Anthropic AI just did their own study of software engineers and admitted that relying on AI stunts skills

There was a long thread about this on X, but fortunately there's also a post on their website that anyone can read

https://www.anthropic.com/research/AI-assistance-coding-skills

and the full study is here

https://arxiv.org/abs/2601.20245

available in PDF or HTML form.

Those can be read in their entirety. But I noticed that the thread on X, posted on January 29, offered the best summary of their findings in the first 4 tweets.This is the text from those:

AI can make work faster, but a fear is that relying on it may make it harder to learn new skills on the job.

We ran an experiment with software engineers to learn more. Coding with AI led to a decrease in mastery—but this depended on how people used it.

In a randomized-controlled trial, we assigned one group of junior engineers to an AI-assistance group and another to a no-AI group.

Both groups completed a coding task using a Python library they’d never seen before. Then they took a quiz covering concepts they’d just used.

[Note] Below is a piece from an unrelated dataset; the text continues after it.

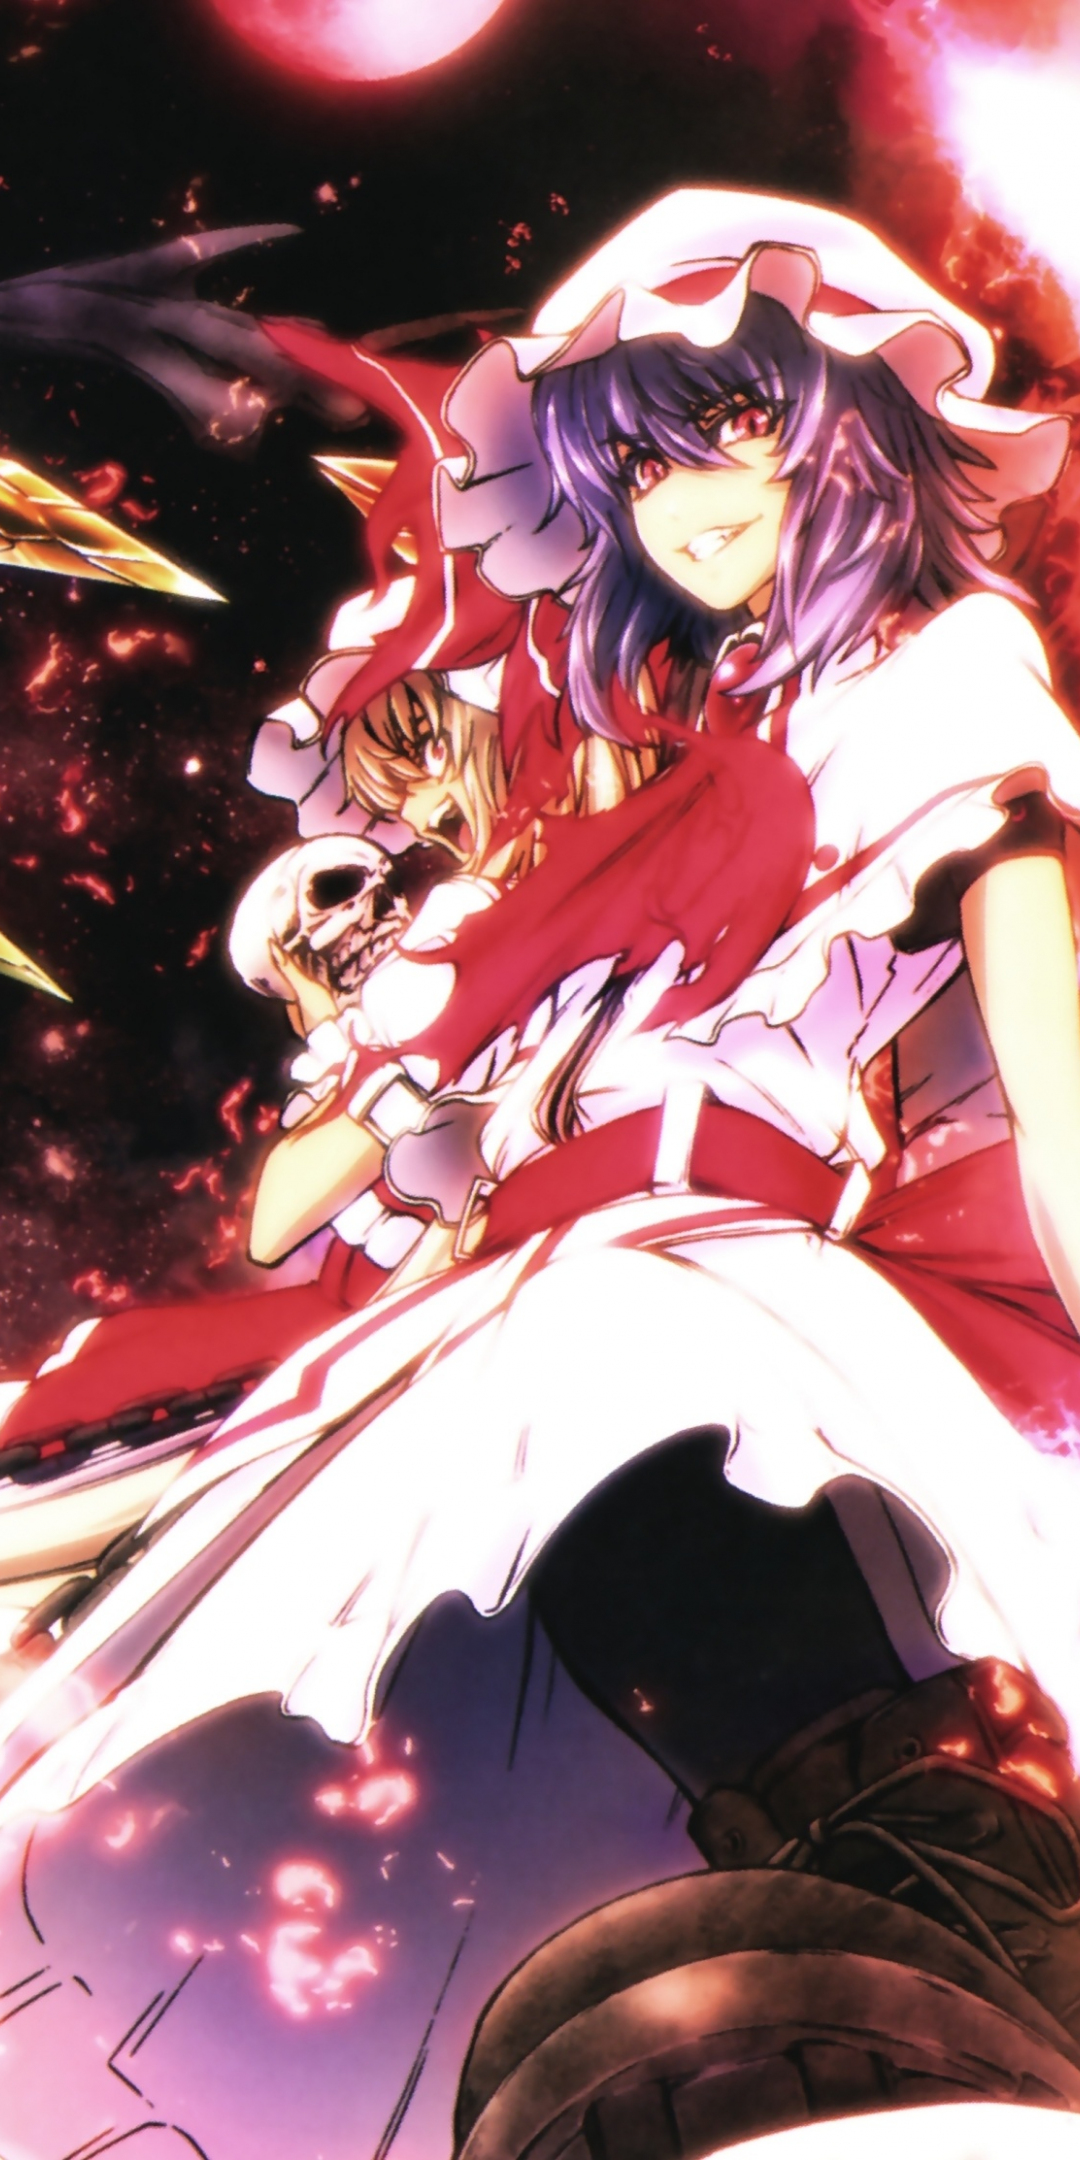 Anime girls, touhou, flandre scarlet, remilia scarlet, 1080x2160 wallpaper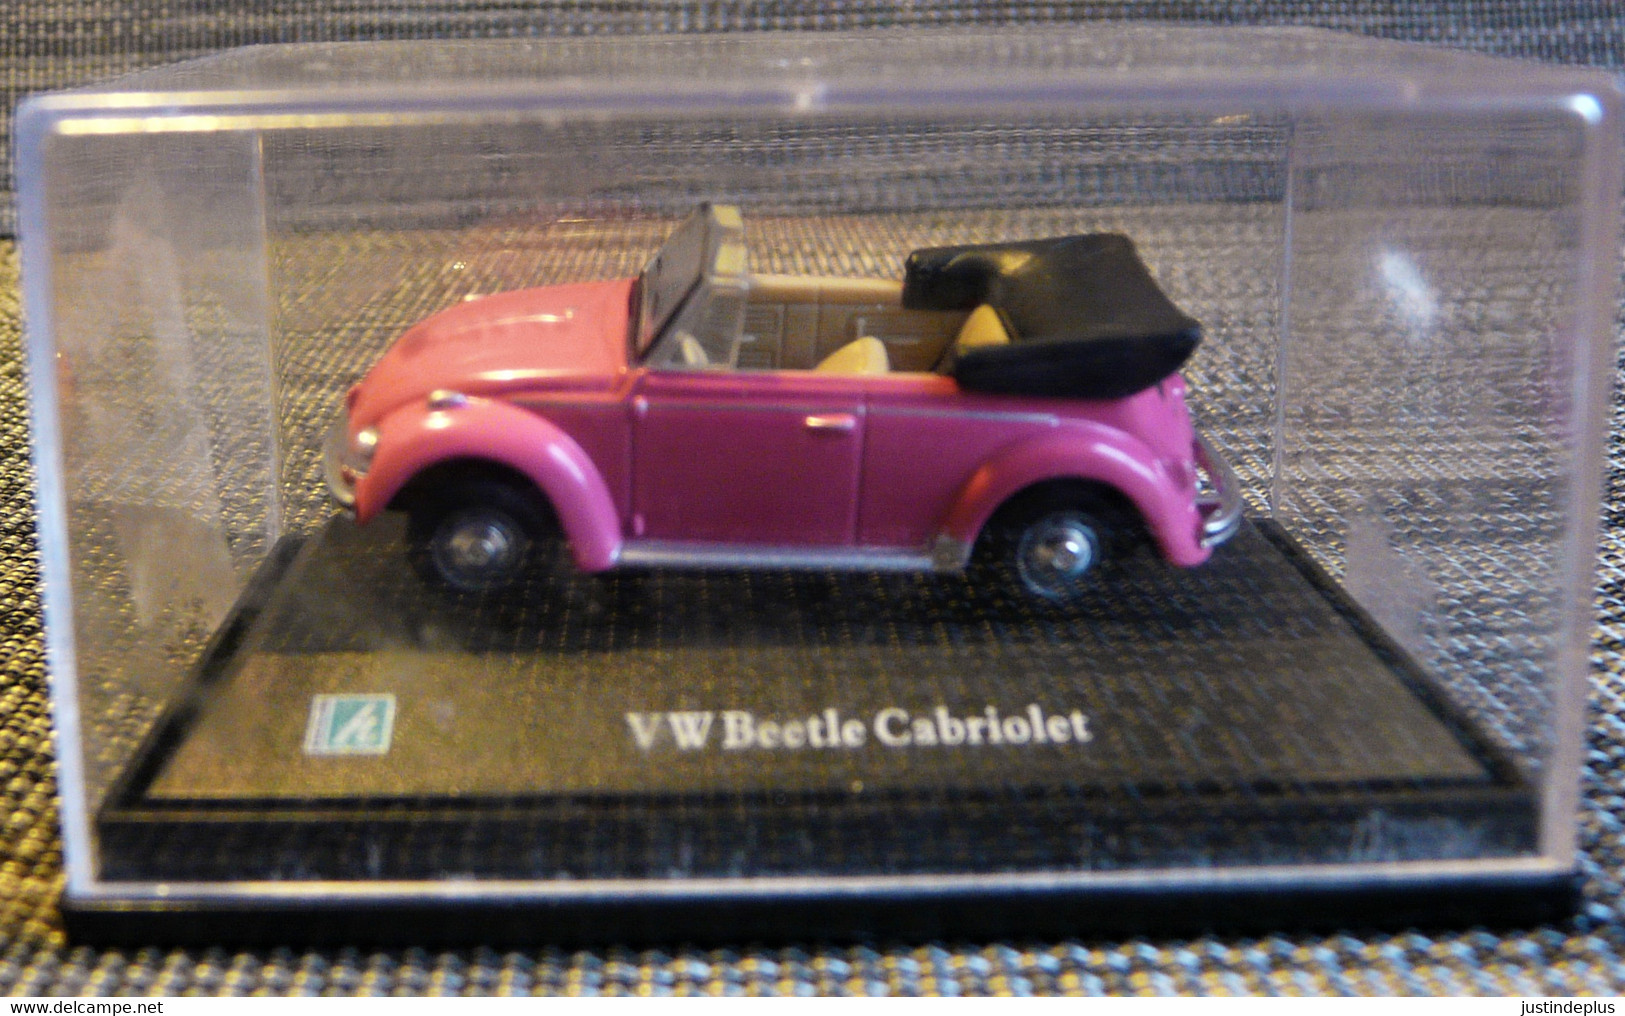 VW BEETLE CABRIOLET ROSE WOLKSVAGEN COCCINELLE ECHELLE 1/72EME - Scala 1:72

Participants in the AI group finished faster by about two minutes (although this wasn’t statistically significant).

But on average, the AI group also scored significantly worse on the quiz—17% lower, or roughly two letter grades.

However, some in the AI group still scored highly while using AI assistance.

When we looked at the ways they completed the task, we saw they asked conceptual and clarifying questions to understand the code they were working with—rather than delegating or relying on AI.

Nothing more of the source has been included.